Судя по опросам среднего и крупного бизнеса, 62% топ-менеджеров средних и крупных компаний в Великобритании и США намеревались внедрить машинное обучение для работы с большими данными в 2017-2018 годах.


Фото: Влад Шатило/Inc.

О репутации

Мы собираем данные без разрешения конечных пользователей, то есть, в том числе, делаем то же, что и Cambridge Analytica, но на российском рынке. Девушка запостила в Facebook информацию о том, что она беременна, мы посмотрели текст и дату публикации, запомнили, на каком она месяце. Через два года, когда к нам придет клиент и попросит найти женщину с двухлетним ребенком, мы передадим данные в рекламную платформу без ее разрешения, и ей покажут рекламу.
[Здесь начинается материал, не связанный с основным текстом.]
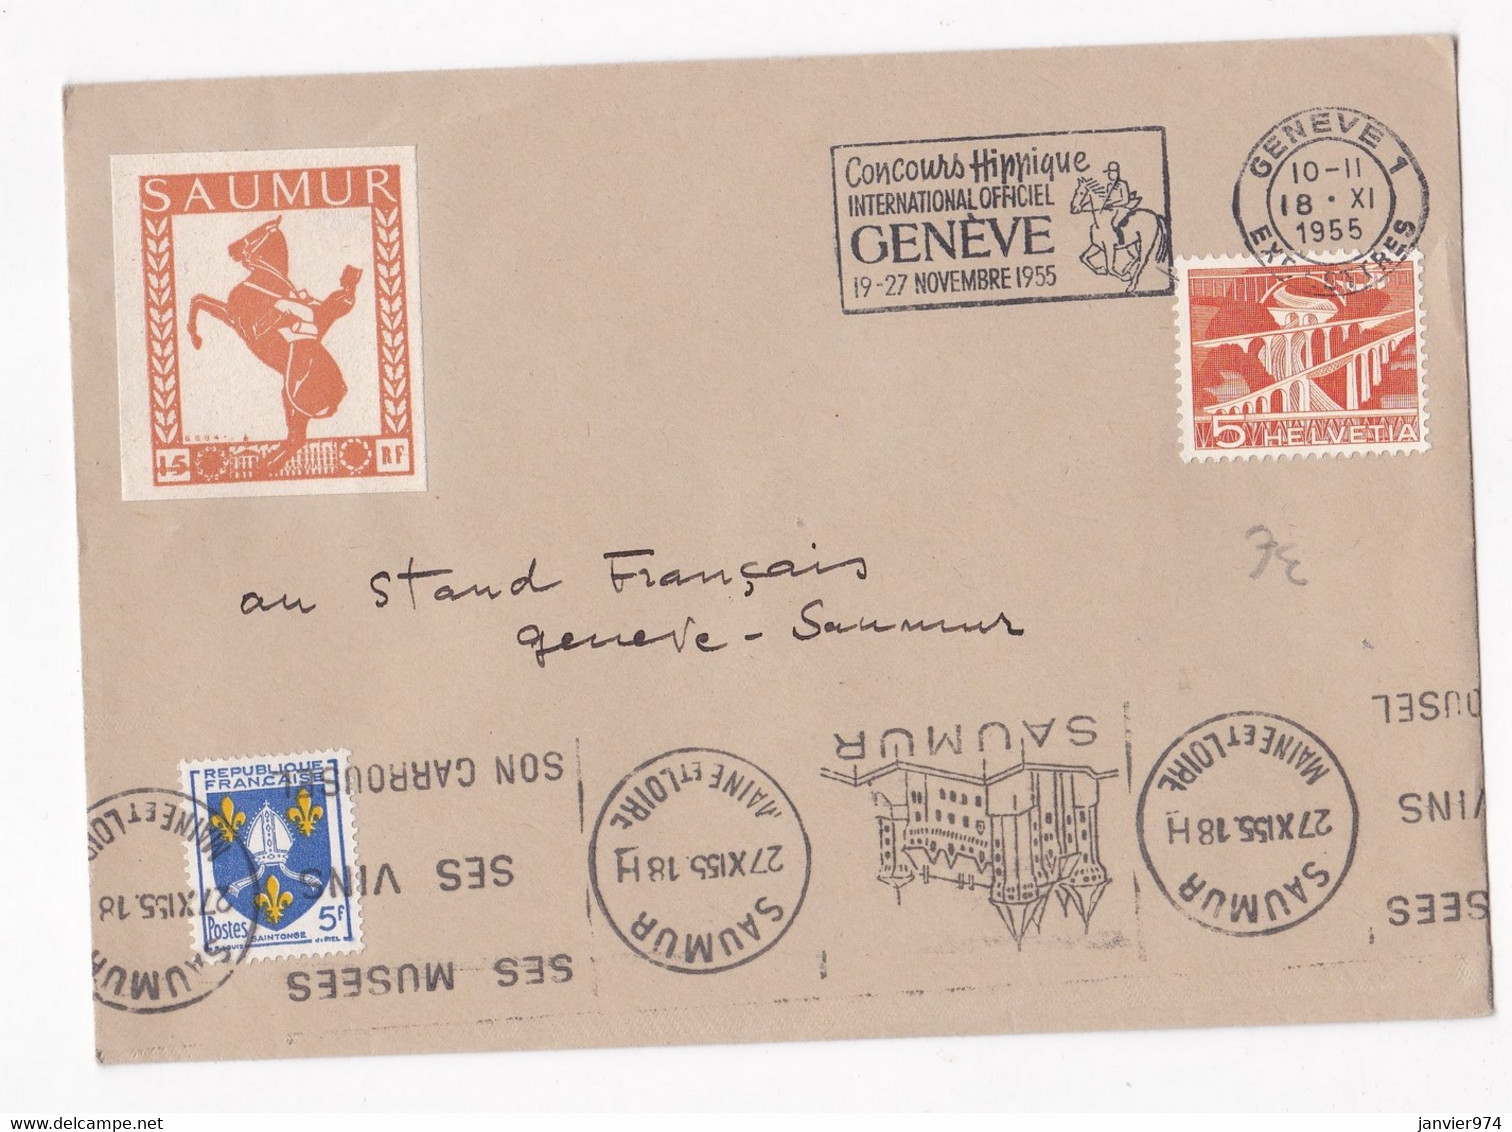 Enveloppe Affranchissement France Suisse 1955 Concours Hippique De Genève. Vignette Saumur. - Ippica

На самом деле, Cambridge Analytica ничего такого не делала. Ребята — молодцы, выборы в США — это крутой инфоповод. Может быть, они не совсем этично получили эти данные, но абсолютно законно. Официально эти данные были получены с разрешения людей, которые зарегистрировали огромное количество приложений типа тестов в Facebook. Ты проходишь тест, тебе дают ответ, и в этот момент твои данные сохраняются. Все это прописано в политике конфиденциальности, которую никто никогда не читает.
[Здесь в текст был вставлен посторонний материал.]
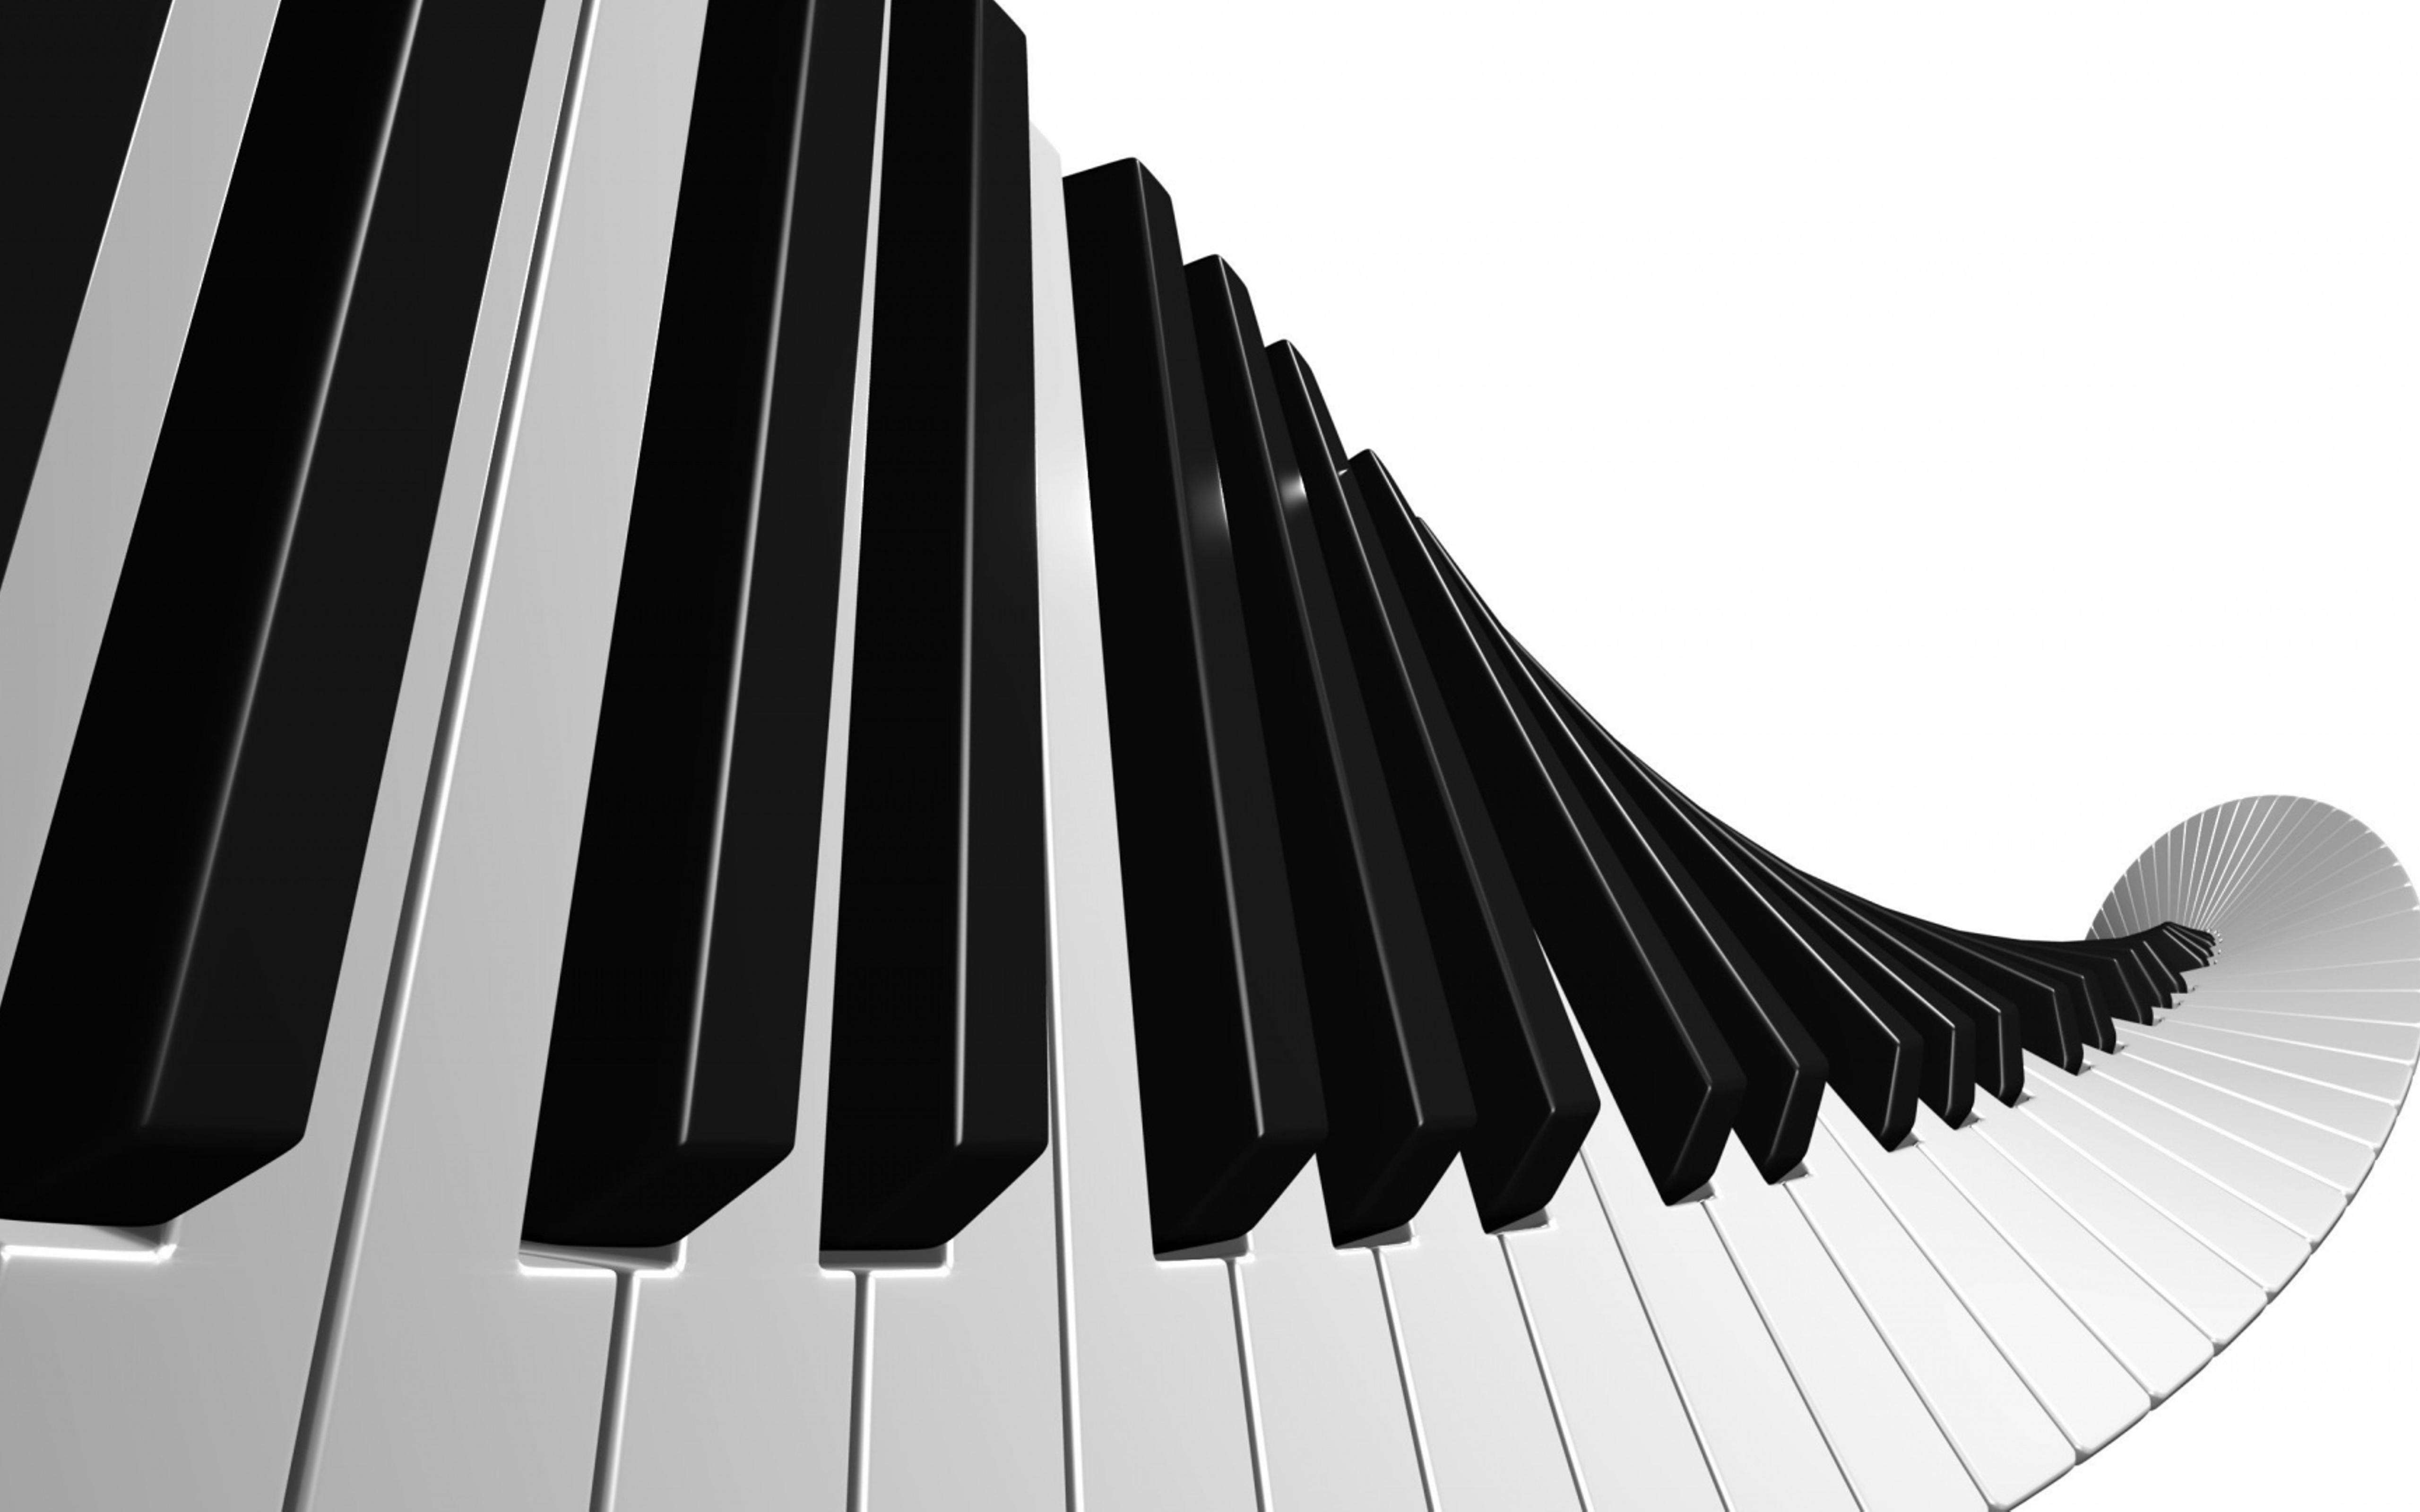 Abstract piano keys and black wallpaper

Когда человек пишет в открытый доступ, что у него есть машина и что у него родился ребенок, и видит рекламу детского кресла — ну, кто тут виноват? Он сам это сказал. Пусть закрывает свой аккаунт тогда. То же самое с GetContact. Это было неэтично, я согласен, но не незаконно.
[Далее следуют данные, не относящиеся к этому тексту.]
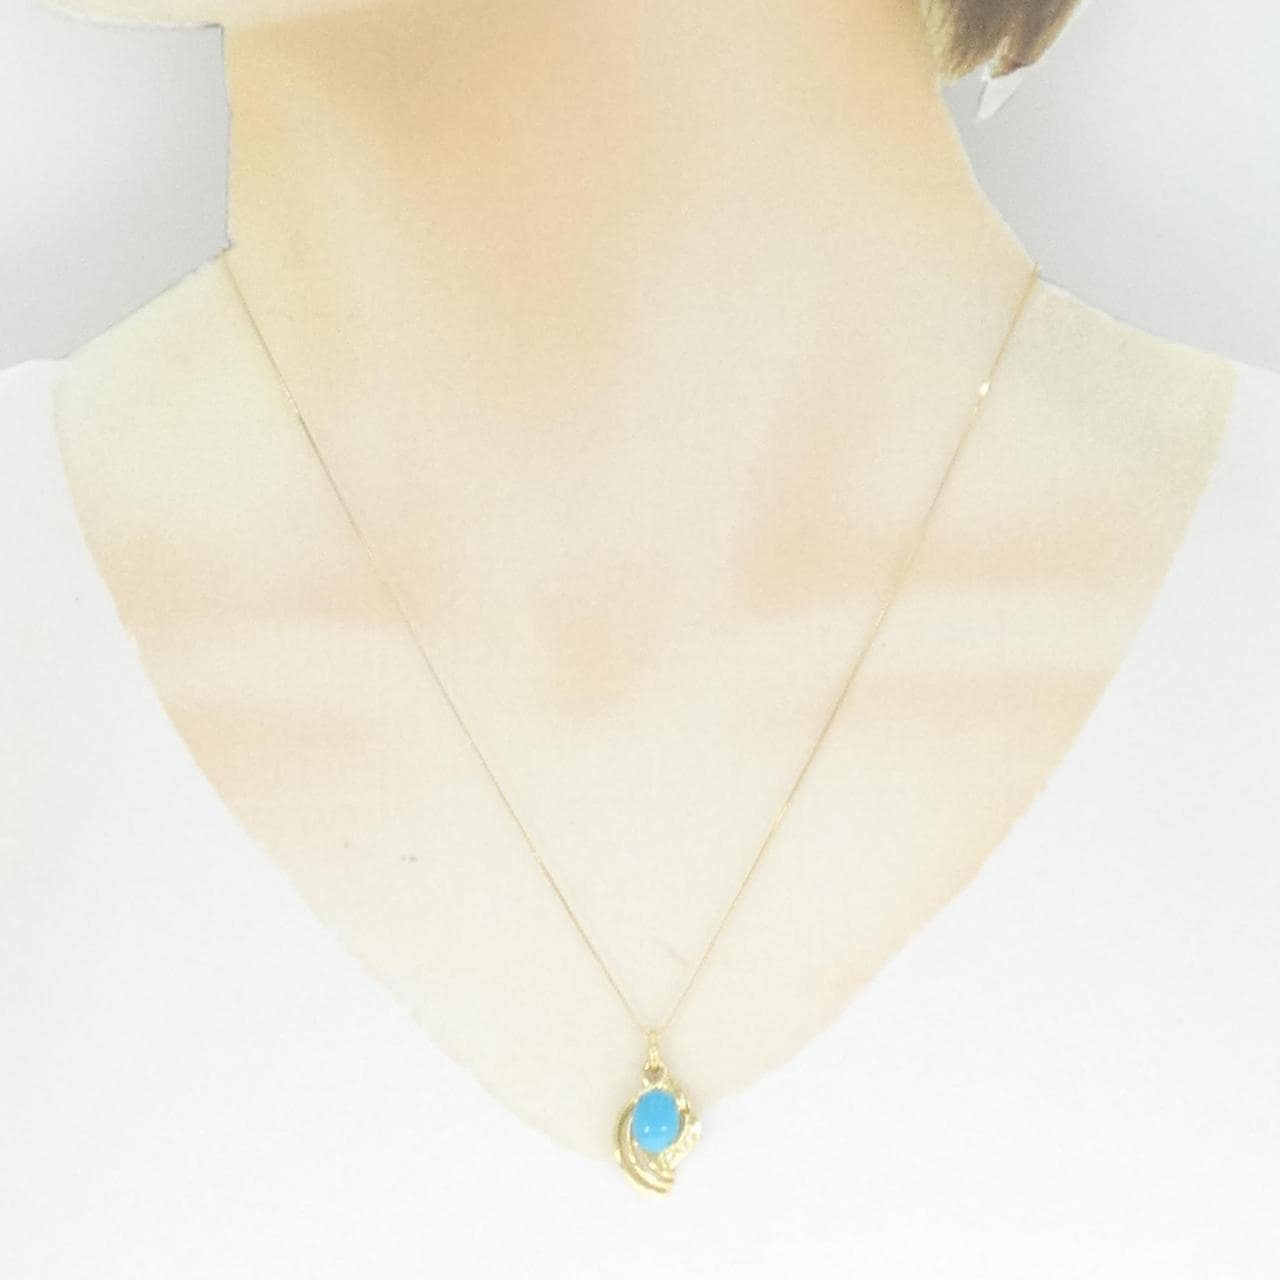 K18YG turquoise necklace

Я не хочу раскрывать финансовые показатели компании и иметь репутацию агента кровавого режима. Предположим, завтра я скажу, что зарабатываю 10 млрд на продаже данных государству. Это не очень хорошо скажется на репутации, на мой взгляд. Когда еще одно поколение людей сменится и поменяется отношение к государству, можно уже будет говорить о цифрах.

Фото: Влад Шатило/Inc.

О риске ведения бизнеса в России

Рано или поздно у государства и коммерческого рынка пересекутся интересы в определенных проектах: захотят получать данные об одних и тех же людях например. Придет кто-то из госов и скажет не продавать рынку. А рынок скажет: «Вы говно, вы с Путиным работаете». Сейчас такого нет. Ни один из клиентов не говорил такого. Хотя, может, конечно, в глаза не говорят.

Если государство попытается отжать у меня бизнес — все просто сломается. Я делаю ставку на то, что без меня это работать не будет. Никто из моих людей не будет работать с государством. Если отжимать, то со мной. А я не очень отжимательный человек.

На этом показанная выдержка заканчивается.